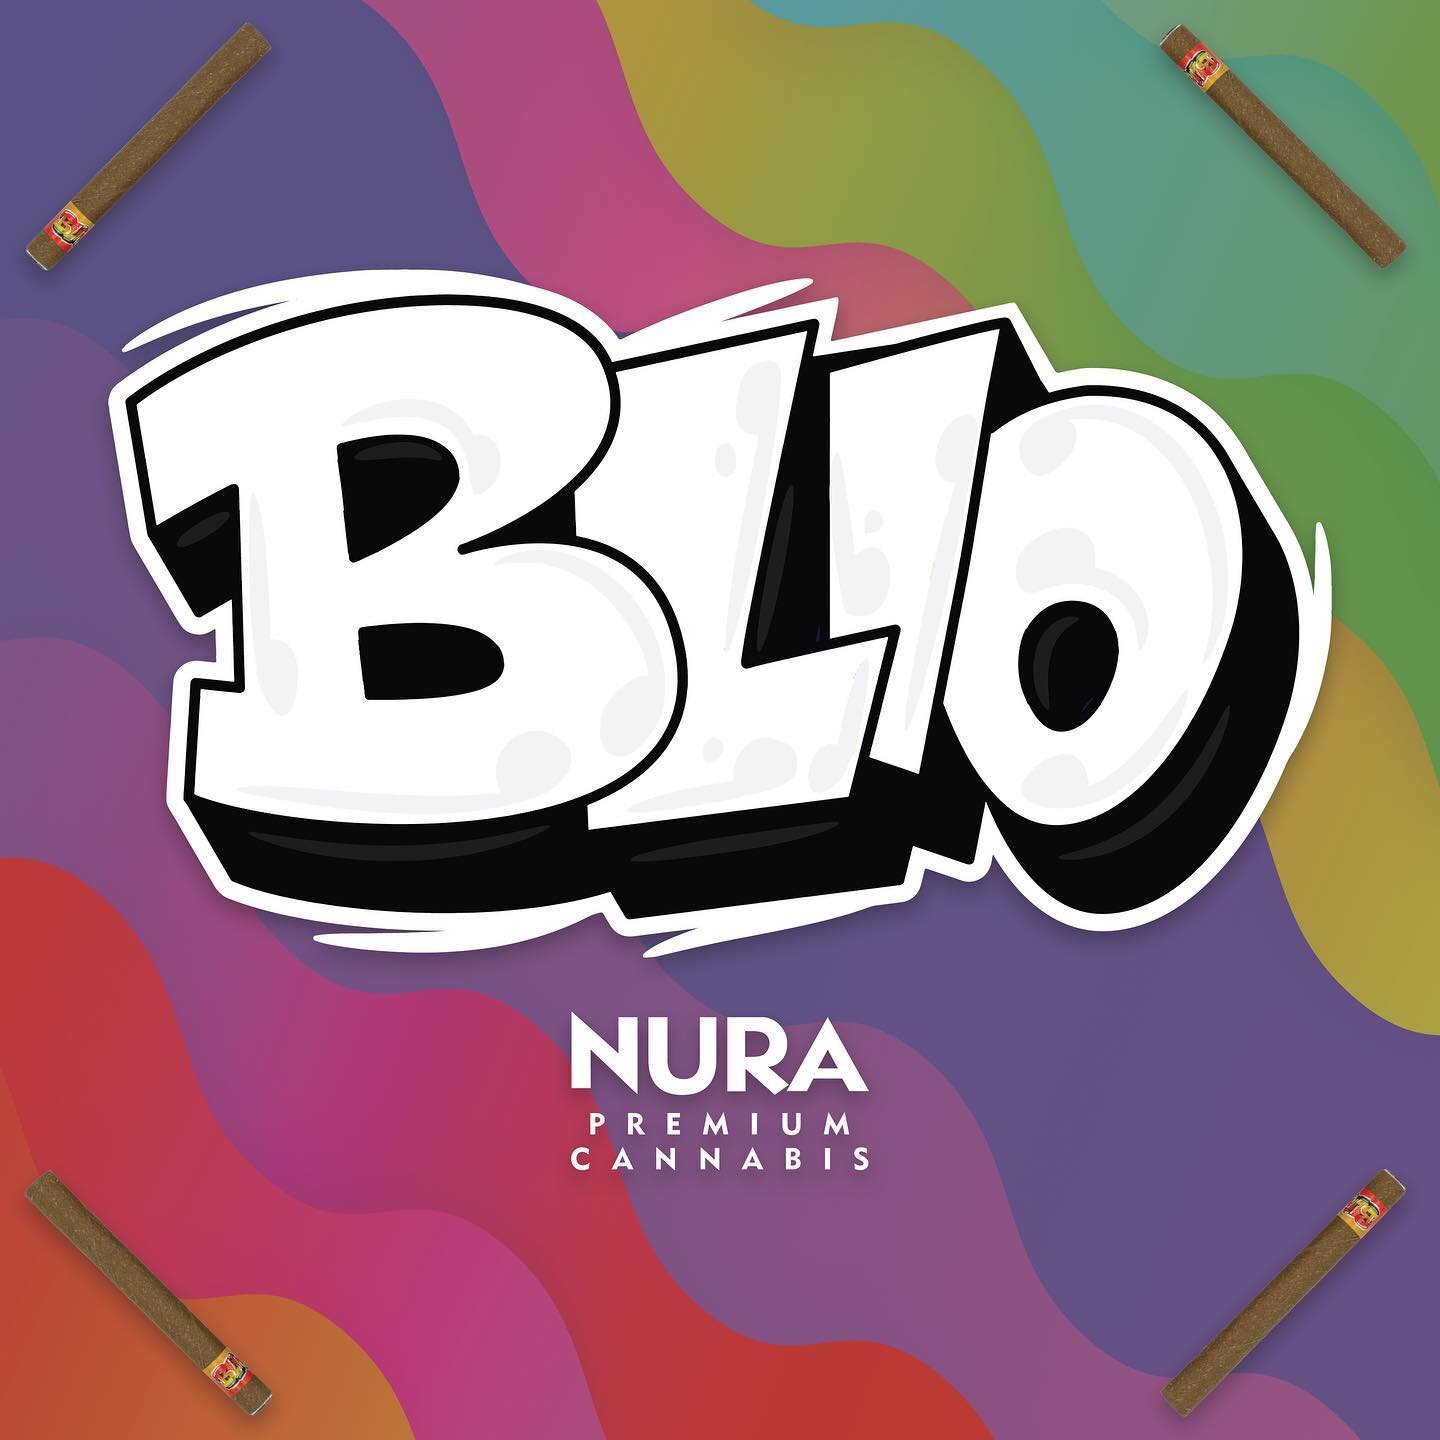 Combining Premium Nura flower, a 100% natural hemp wrap, and a glass tip filter to create a unique, flavorful smoking experience.

Blio Blunts by #NuraCannabis 🔥

NOTHING FOR SALE. EDUCATIONAL PURPOSES ONLY.
··········
## WHAT NEEDS TO BE DONE
The line containing "Blio Blunts by #NuraCannabis 🔥" marks where to begin; copy it and every later line exactly, through the end of the data.

## ANSWER BELOW
Blio Blunts by #NuraCannabis 🔥

NOTHING FOR SALE. EDUCATIONAL PURPOSES ONLY.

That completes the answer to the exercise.